Hello everyone!
I thought I’d post this here first, as I am not sure if it is a bug or if I am doing something wrong.
I’m using the huggingface library to train an XLM-R token classifier. I originally wrote the training routine myself, which worked quite well, but I wanted to switch to the trainer for more advanced features like early stopping and easier setting of training arguments.
To prototype my code, I usually run it on a free google colab account. While the training process works, I’ve had the code crash several times, because the disk space of the Compute Environment runs out. This is NOT my google drive space, but a separate disk of around 60GB space. I have observed, that during training the used space keeps on growing, but I have no idea where or what exactly is writing data.

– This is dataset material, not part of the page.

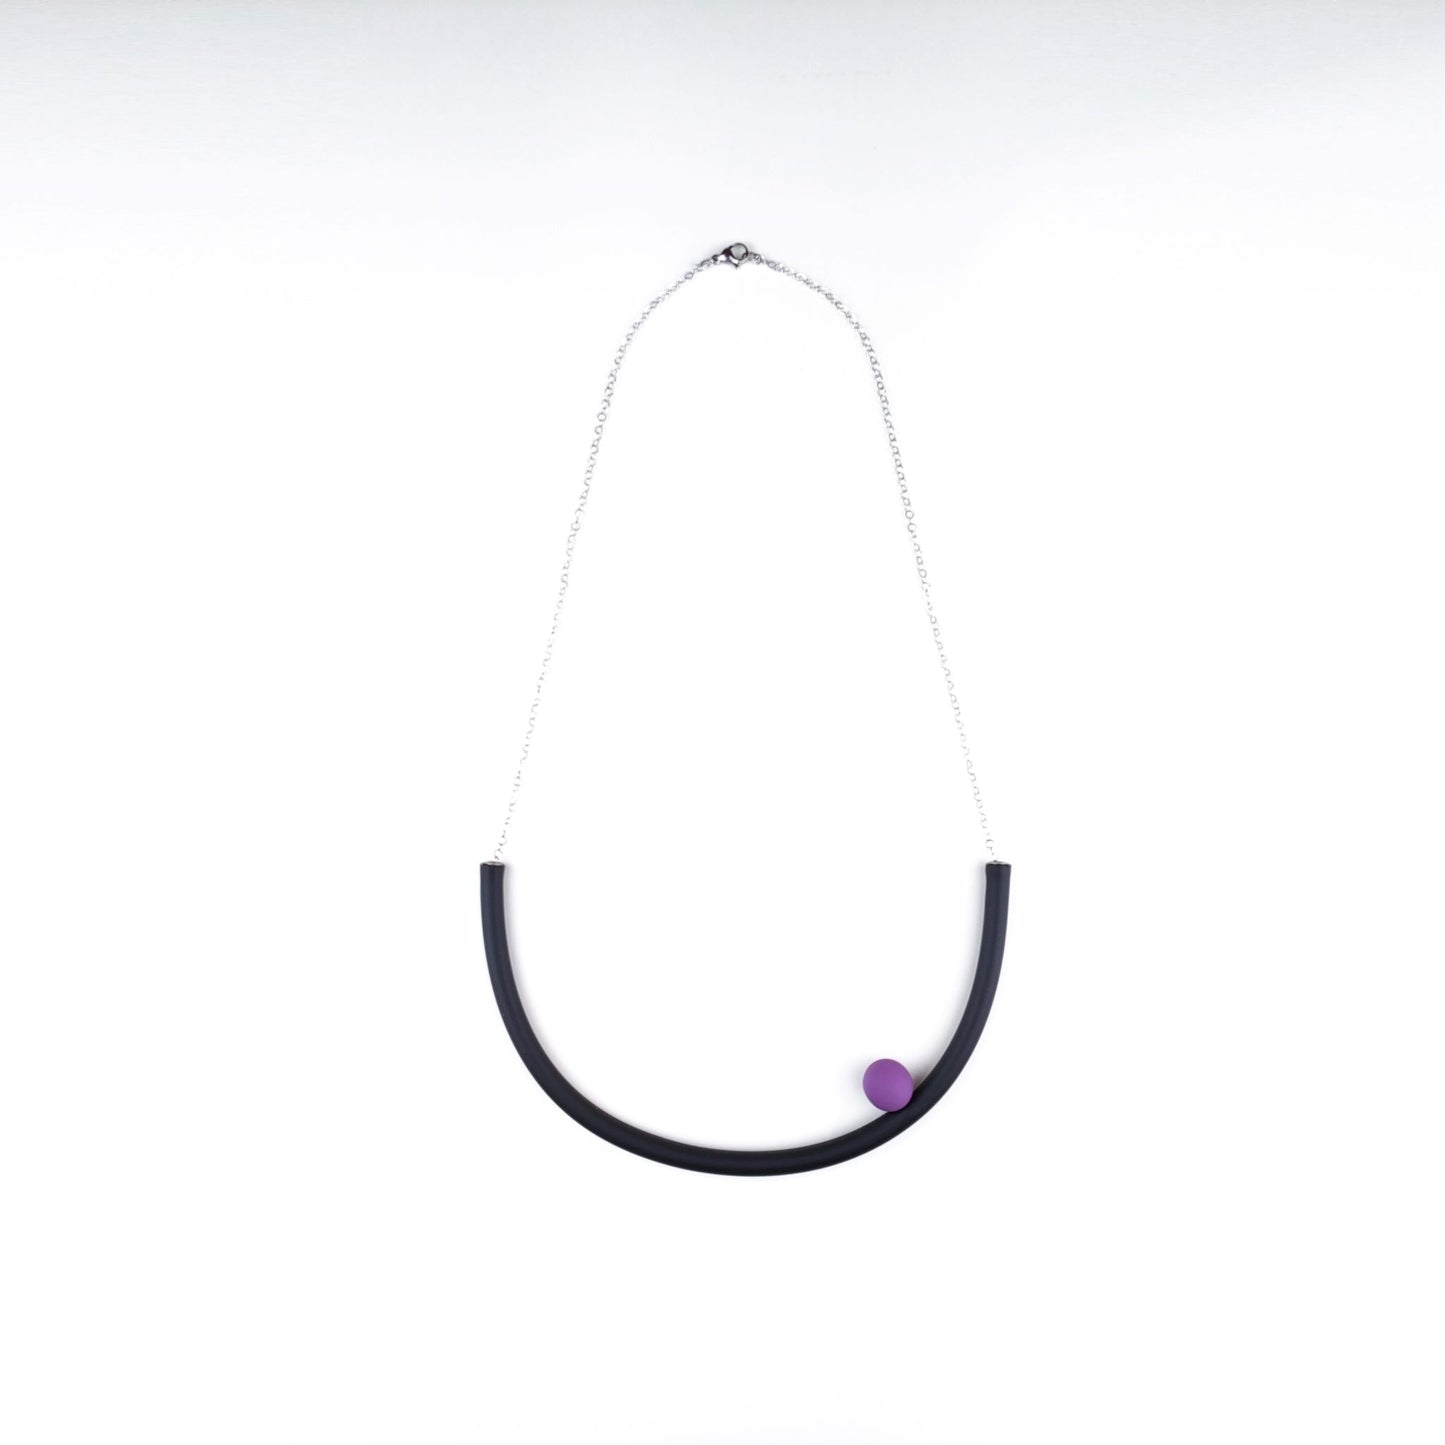 BILICO round necklace - black / silver pearl

Once the disk is full, this results in the code crashing:
The following are my training parameters/callbacks defined:
## Define Callbacks
class PrinterCallback(TrainerCallback):
def on_train_begin(self, args, state, control, **kwargs):
print('\033[1m'+ '=' * 25 + " Model Training " + '=' * 25 + '\033[0m')

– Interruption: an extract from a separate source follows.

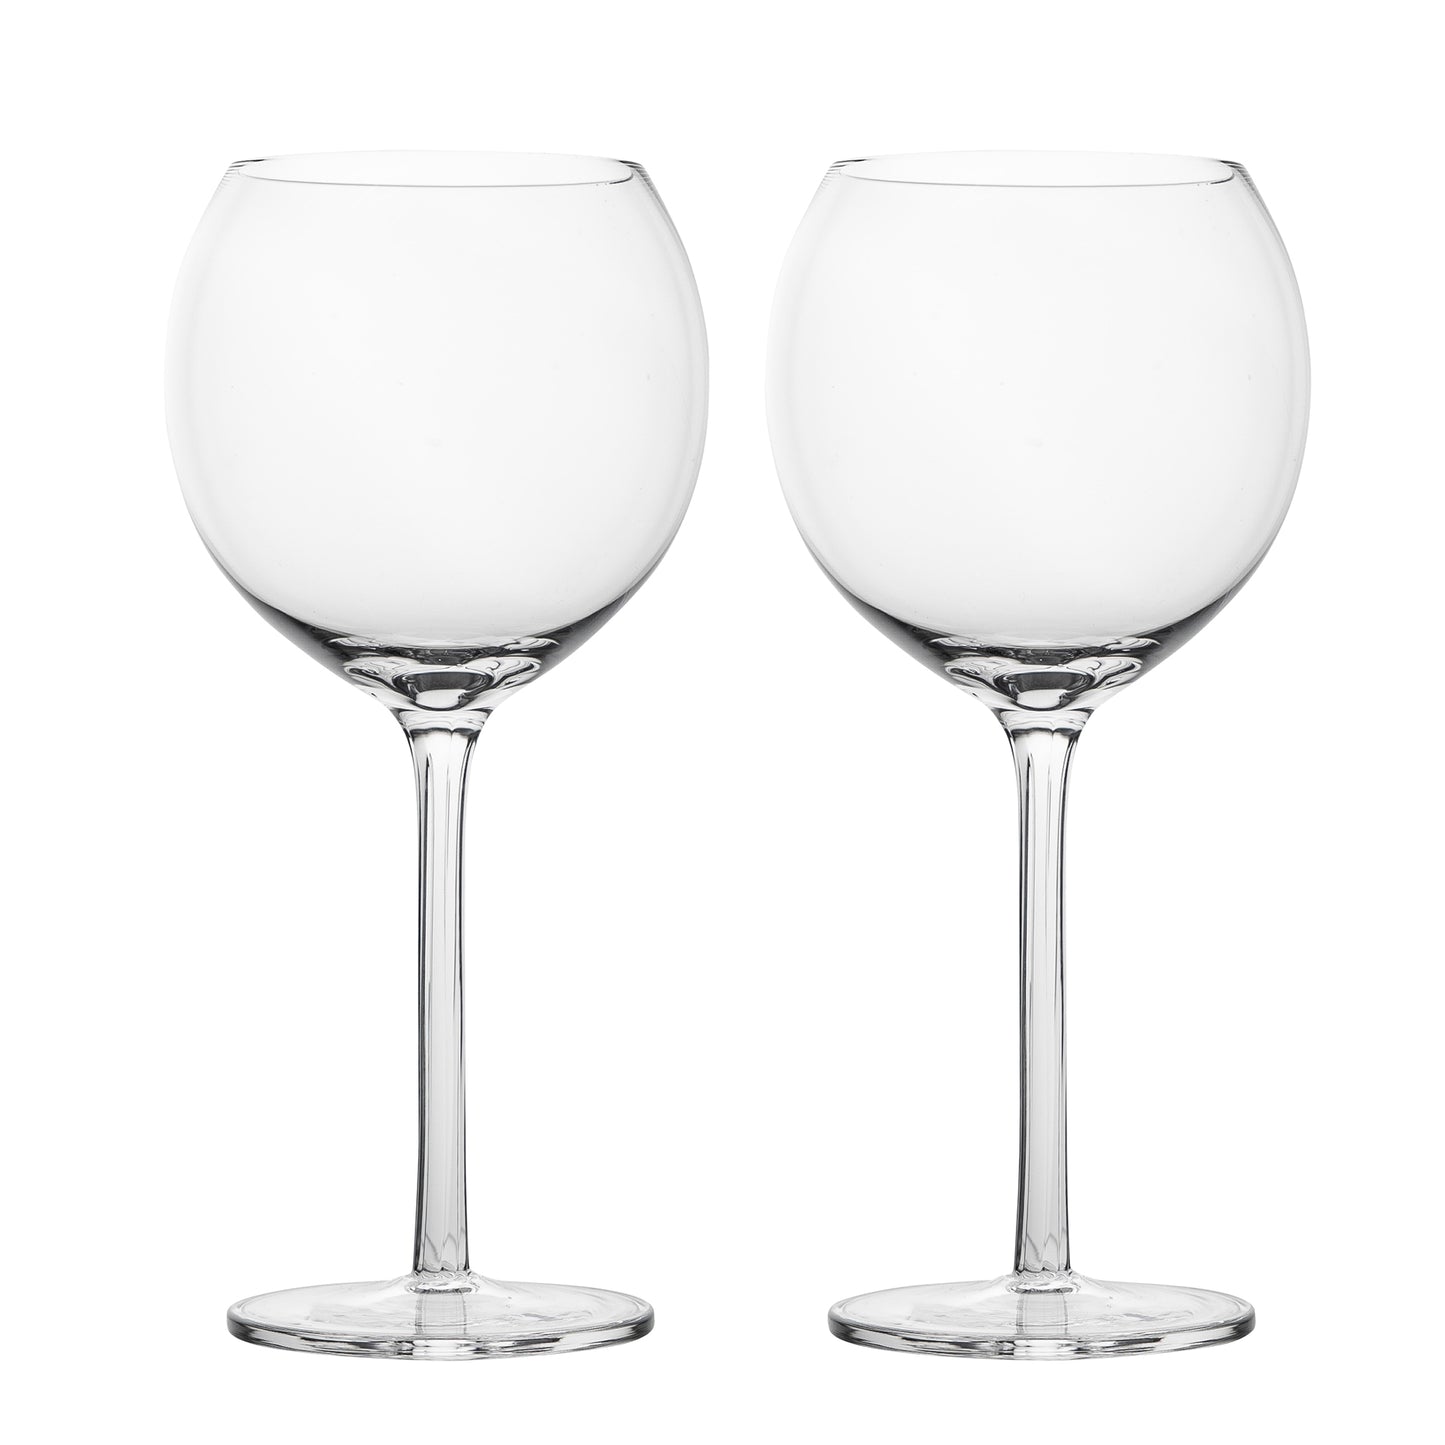 Sagaform Wine Glasses, Set of 2  Widgeteer Inc.   5018263 0001 5018263 front

def on_epoch_begin(self, args, state, control, **kwargs):
print('\n'+ '\033[1m'+ '=' * 25 +' Epoch {:} / {:} '.format(int(trainer.state.epoch) + 1, int(trainer.state.num_train_epochs)) + '=' * 25)
## Training parameters
# training arguments
training_args = TrainingArguments(
output_dir='./checkpoints', # output directory
num_train_epochs=5, # total # of training epochs
per_device_train_batch_size=32, # batch size per device during training
per_device_eval_batch_size=32, # batch size for evaluation
warmup_steps=0, # number of warmup steps for learning rate scheduler
weight_decay=0, # strength of weight decay
learning_rate=2e-5, #2e-5
logging_dir='./logs', # directory for storing logs
evaluation_strategy= "epoch", #"steps", "epoch", or "no"
#eval_steps=100,
save_total_limit=1,
load_best_model_at_end=False, #loads the model with the best evaluation score
metric_for_best_model="weightedF1",
greater_is_better=True
)
## Start training
# initialize huggingface trainer
trainer = Trainer(
model=xlmr_model,
args=training_args,
train_dataset=train_dataset,
eval_dataset=eval_dataset,
tokenizer=xlmr_tokenizer,
compute_metrics=validate,
callbacks=[PrinterCallback]
)
trainer.train()
Any idea what is going wrong here?
Edit: Here is the Error as text from another run; apparently Torch is continuously writing something to disk, but why and what is it?
---------------------------------------------------------------------------
OSError Traceback (most recent call last)
/usr/local/lib/python3.7/dist-packages/torch/serialization.py in save(obj, f, pickle_module, pickle_protocol, _use_new_zipfile_serialization)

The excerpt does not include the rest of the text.